The latest rumor on the web is that Yahoo is trying to buy Facebook for 1 Billion dollars. If this transaction were to take place, it would be only weeks after YouTube was purchased by Google for 1.65 Billion... And that transaction was made only two weeks after serial entrepreneur Mark Cuban made the comment that "only a moron" would buy YouTube.
On July 18, media conglomerate News Corp. revealed that it's buying Intermix Media, the company that owns MySpace for $580 million. Myspace has about 22 million members.
Just as Microsoft dominates the software and technology market, large internet industries are slowly swallowing up smaller independent competition... Who knows what the future holds. YouTube, Google and almost all viral websites and web based information exchanging sites were all started and operated by a few young people, with an idea and some ambition. Now, those independent forefathers are reaping the benefits of determination.
Do you remember Napster... the concept, not the lawsuit...
Facebook and MySpace are huge web based forums for "keeping in touch" or meeting new people from anywhere around the world. Basically, they are social-networking sites, and the new media conglomerates that are inevitably the world's greatest cash-cows. YouTube and viral based video sharing sites alike are based on a very simple concept... upload your personal videos, with any content you wish, and people around the world will watch. This voyeuristic tendency has spread like wildfire, and all one (creators of YouTube) had to do was establish the outlet.
Now that the outlets are established, the rush to dominate this newfound, largely expanding market has skyrocketed.
Yahoo and Google are establishing (in their own ways) similar "outlets" for user (viral) videos as well as marketable video from networks and commercial industry.

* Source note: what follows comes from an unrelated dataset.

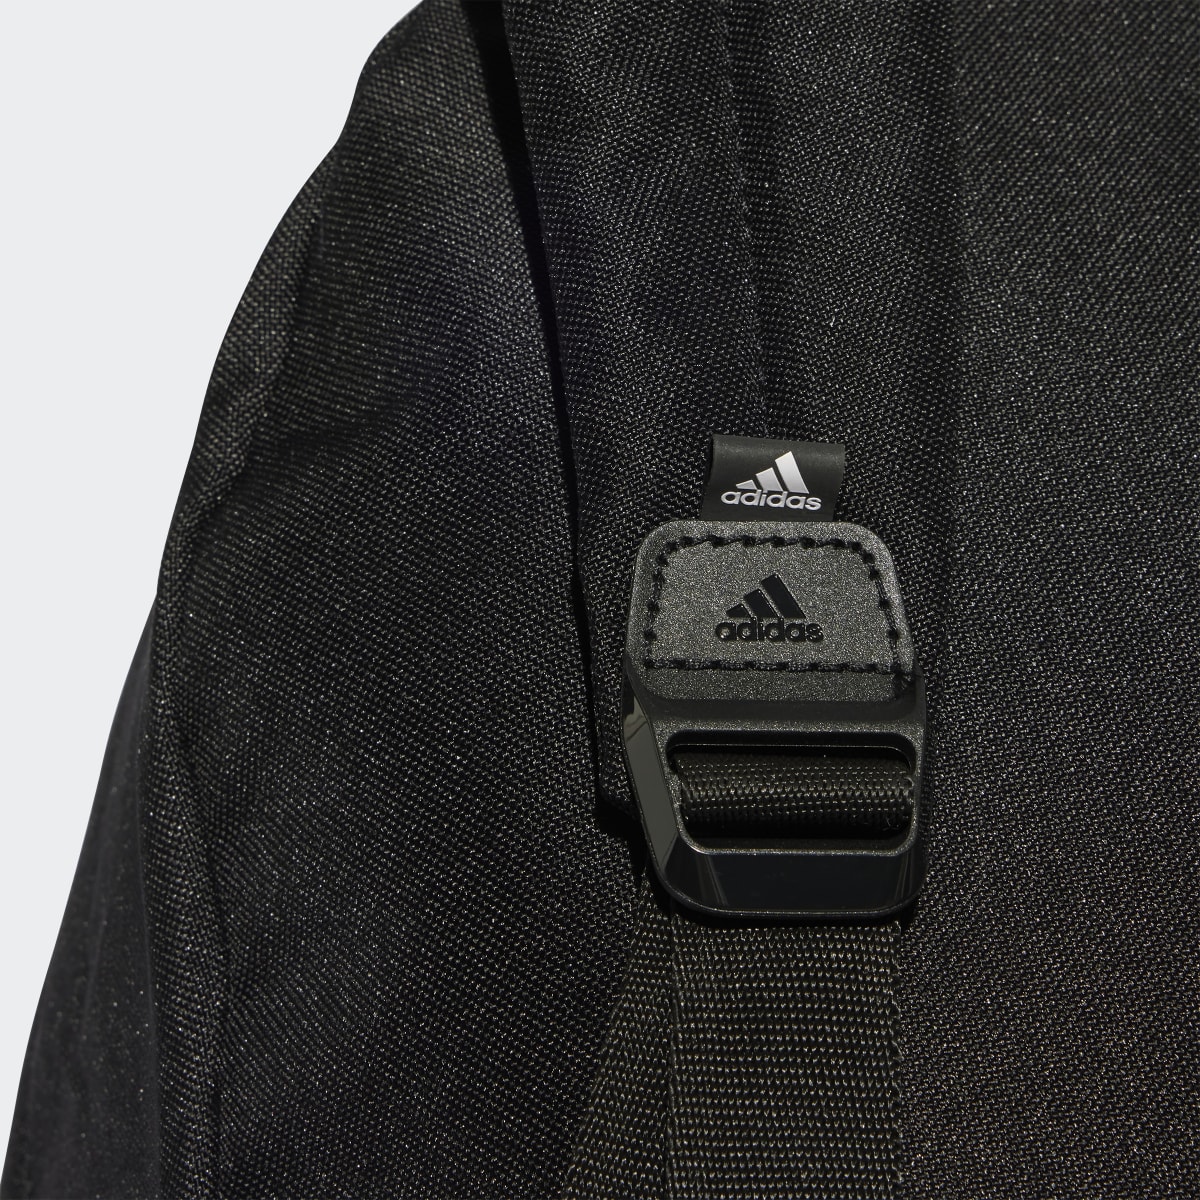 Adidas Classic Badge of Sport Backpack. 7

AOL has launched AOL Video 2.0, and In2TV which do the same thing, In2TV airs old programming (such as Growing Pains or Godzilla Movies) as well as marketing videos which go as far as political satire to attract attention to their product... and it works because it's fresh, creative and it captures "eyeballs." AOL also gives the viewer the ability to submit their own videos ala YouTube.
It is a rapidly developing world and it's raising many eyebrows; from large corporations’ to the occasional web surfer. The Internet is by far the greatest gift to mankind.
So much for the pony express.
The bottom line is, with this immergence of modern media, and the limitless potential to basically do anything, where do we stop? Where is the ceiling? And how much profit can be squeezed from every orifice of this monster we call the web? Only time will tell, but in the meantime keep your eyes open... if you blink, you'll miss something.